Bahman Farmanara (; born 23 January 1942) is an Iranian film director, screenwriter, and film producer.
Bahman Farmanara is the second son in a family of four brothers and one sister. The family business was Textile and he was the only son who did not join the business and went off to the United Kingdom and later on to the United States to study acting and directing.

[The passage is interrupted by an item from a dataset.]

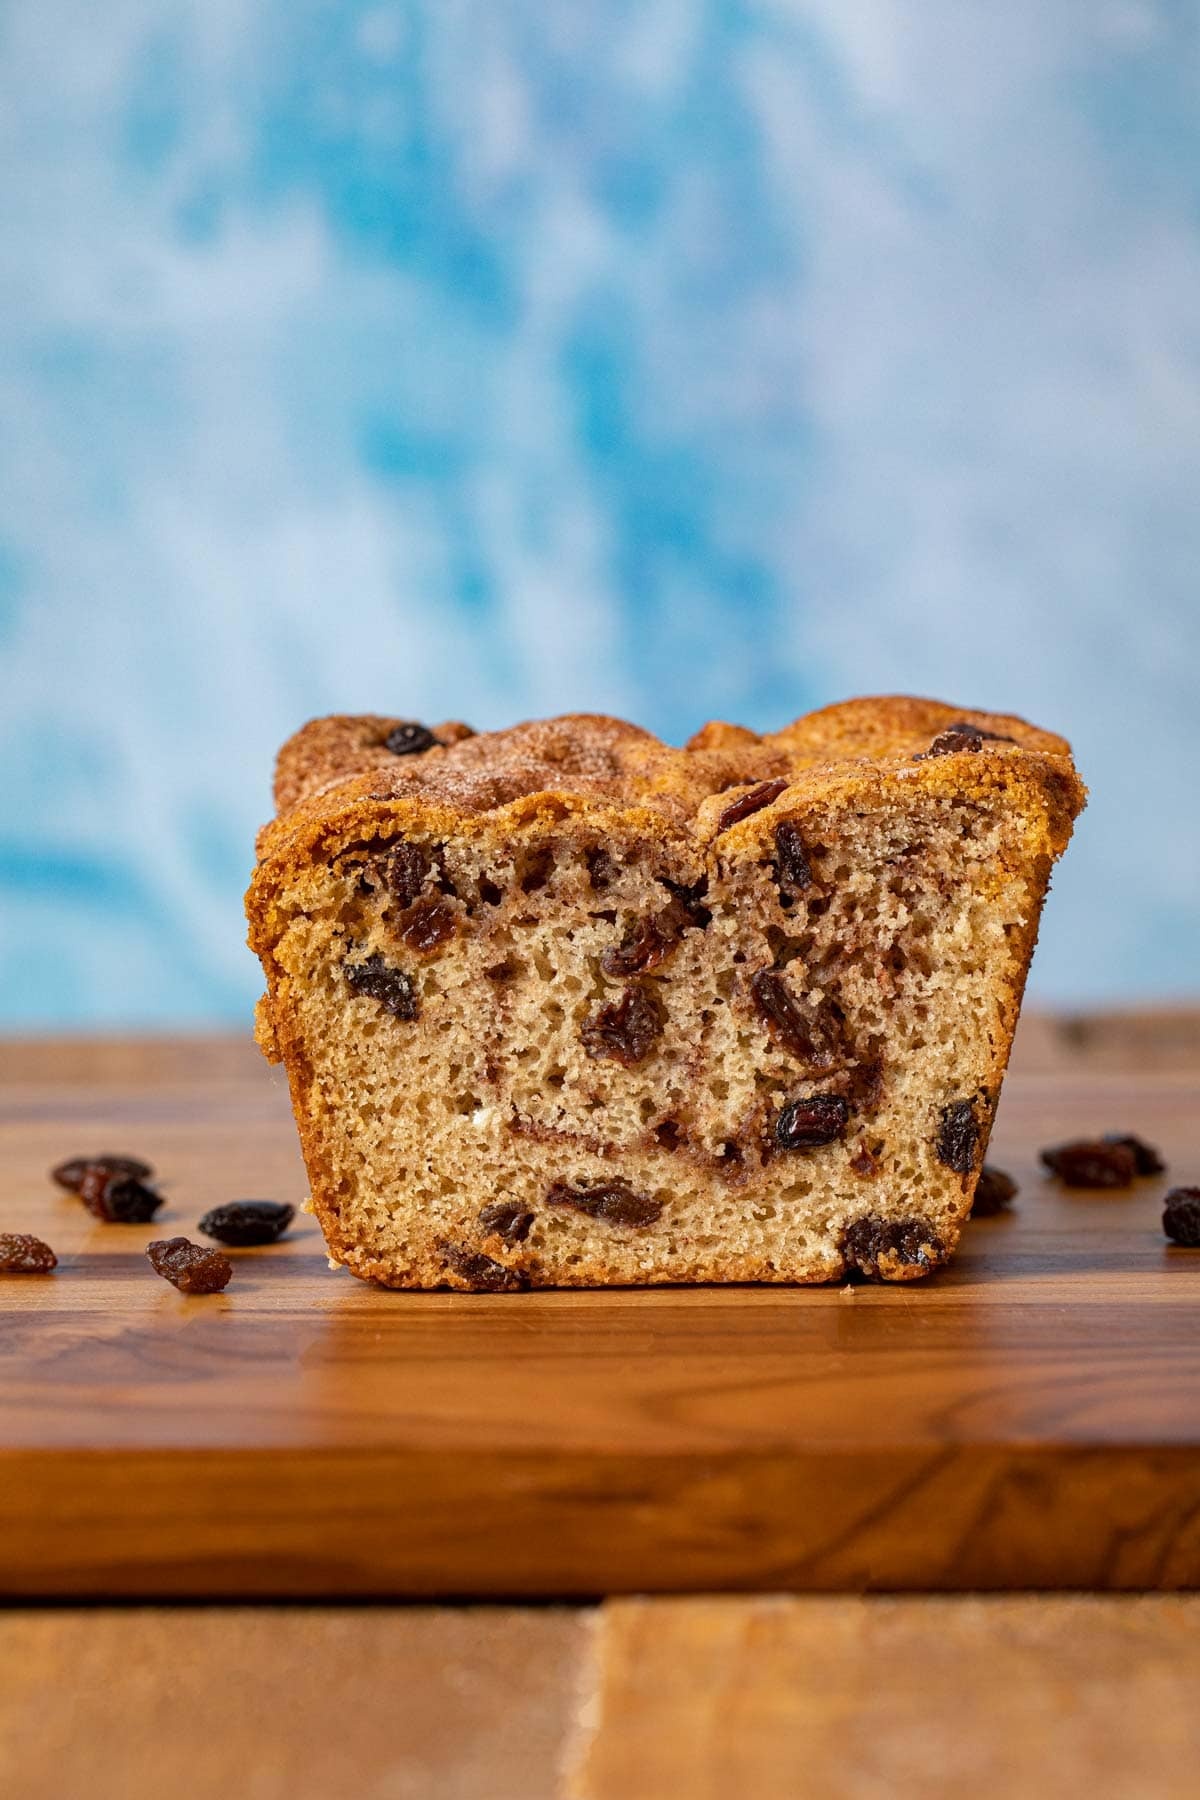 Cinnamon Raisin Bread cross-section on cutting board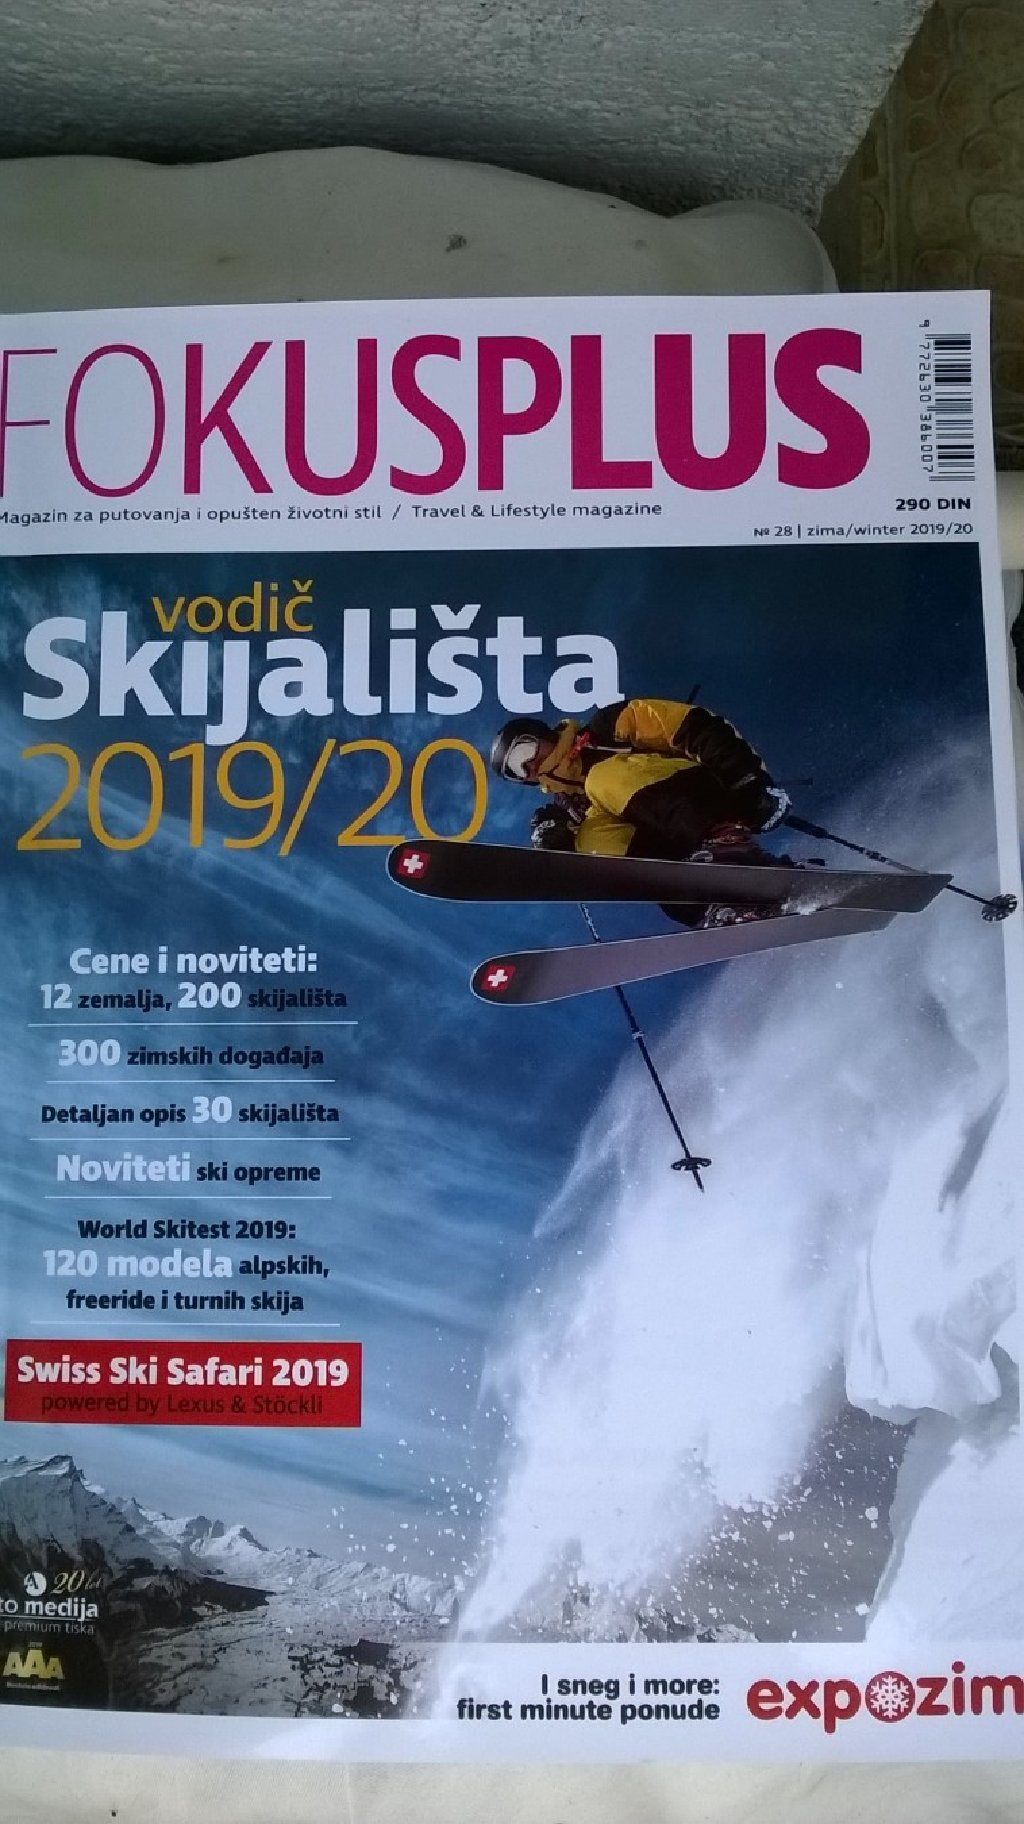 Casopis Fokusplus No.28, zima 2019 2020. nov

He graduated from the University of Southern California with a BA in Cinema in 1966. After returning to Iran and doing military service, he joined the National Iranian Radio and Television.

Works
He produced some major films, including Abbas Kiarostami's first feature, The Report (1977), Bahram Bayzai's The Crow (1977), Khosrow Haritash's Divine One (1976), Mohammad-Reza Aslani's Wind and Chess (1976) and Valerio Zurlini's The Desert of the Tartars (1977 co-production with Italy and France).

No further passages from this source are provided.